Jeremy Adler, of Cobi’s and Lanea, said while crime and homelessness are present everywhere, they are having a disproportionate impact in Santa Monica.


“I want my employees to be able to walk back to their car without fear and I want my guests to be able to sit on the sidewalk unencumbered by externalities,” he said.

Adler said the reality of crime and homelessness hits hospitality workers harder than others due to the already stressful nature of their work and the reality of working hours late at night.


“I don’t want to lose my people and I love them, feel responsibility to them and the families they are taking care of. I take that responsibility humbly, responsibly and seriously,” he said. “I want to make sure their physical mental health wellbeing is cared for as much as the financial.”


He said a recent incident with an individual trying to tamper with his restaurant’s gas line is the kind of problem that wears on the mental health of employees.

“I want that person to get support and get housed and whatnot but that could have been a catastrophe if one of our employees wasn’t aware and prevented this person from affecting a main gas line to a restaurant,” he said.


Coalition members said workers who do not feel safe will find work in other places and the cost of providing basic security is making it difficult to do business in Santa Monica.

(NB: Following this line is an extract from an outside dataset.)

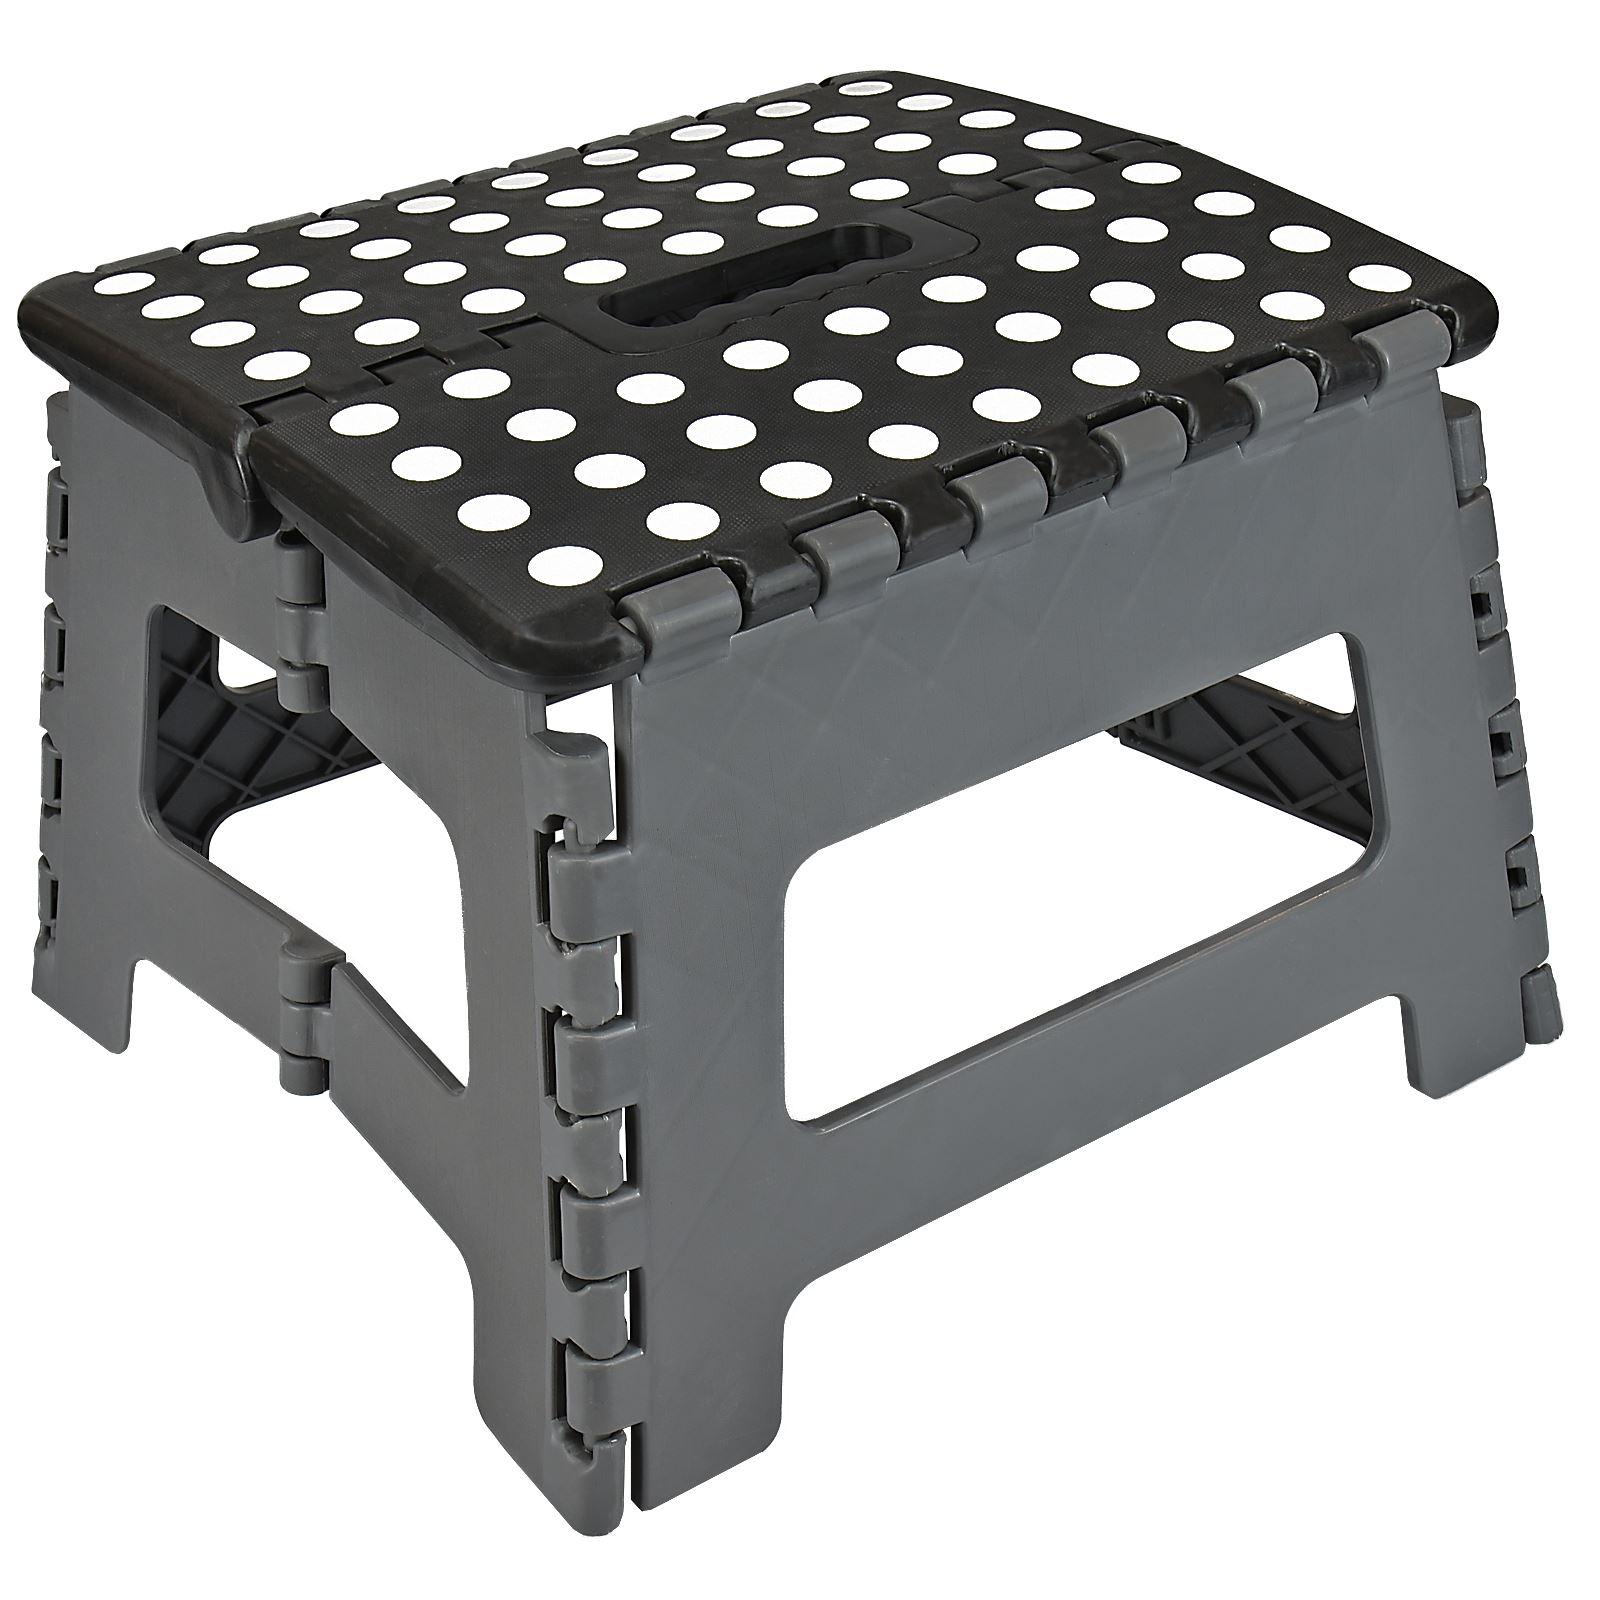 plastic multi purpose home kitchen folding step stool foldable easy storage ebay. Black Bedroom Furniture Sets. Home Design Ideas

“Due to the lack of action in ensuring safe and clean streets, we’ve had to allocate additional labor to secure the hotel perimeter. This is essential for the protection of both our team members and guests,” said Diego Ruiz de Porras, General Manager of Hotel Oceana in a statement. “Unfortunately, we frequently face the need to evacuate homeless individuals sleeping in the back alley and the safety of our guests on the Palisades Promenade is a growing concern.”


Condie said the first step is organizing like-minded businesses. From there, he said the group would expand to education with outreach efforts to customers, politicians and residents regarding the issue.


“It’s about engagement,” he said. “Those that are involved here are members of the community, they love Santa Monica and want the best for Santa Monica. What they’ve been seeing and how it’s impacting their customers, their employees, it’s just reached a crisis level. This is about organizing. The quality of life, preserving the unique experience that Santa Monica offers, that seems to be — based on discussions with restaurants — the sheen is wearing off as they talk to a lot of their customers and they want to do something about it, we’re responding to what we’re hearing from our members.”


Members of the new group said they are not trying to replace any of the existing organizations in Santa Monica but they said the hospitality industry has unique challenges that require a focused approach.


“We joined this coalition effort to affect positive change through better policies that will clean up our streets and lower the cost of staying in business here,” Lucian Tudor, CEO of Global Dining Inc., which includes 1212 Santa Monica, said in a statement. “We aren’t standing by because we believe in Santa Monica.”


Adler said the industry needs to feel its value and a priority for city leaders.

“You know, anytime anyone needs a donation and they come and ask a restaurant, we always help out and set them up for success. We just want to be set up for success too. We want to be able to focus on hospitality, we want to be able to focus on quality of service and quality of product, it’s very hard to take care of others when you yourself don’t feel taken care of.”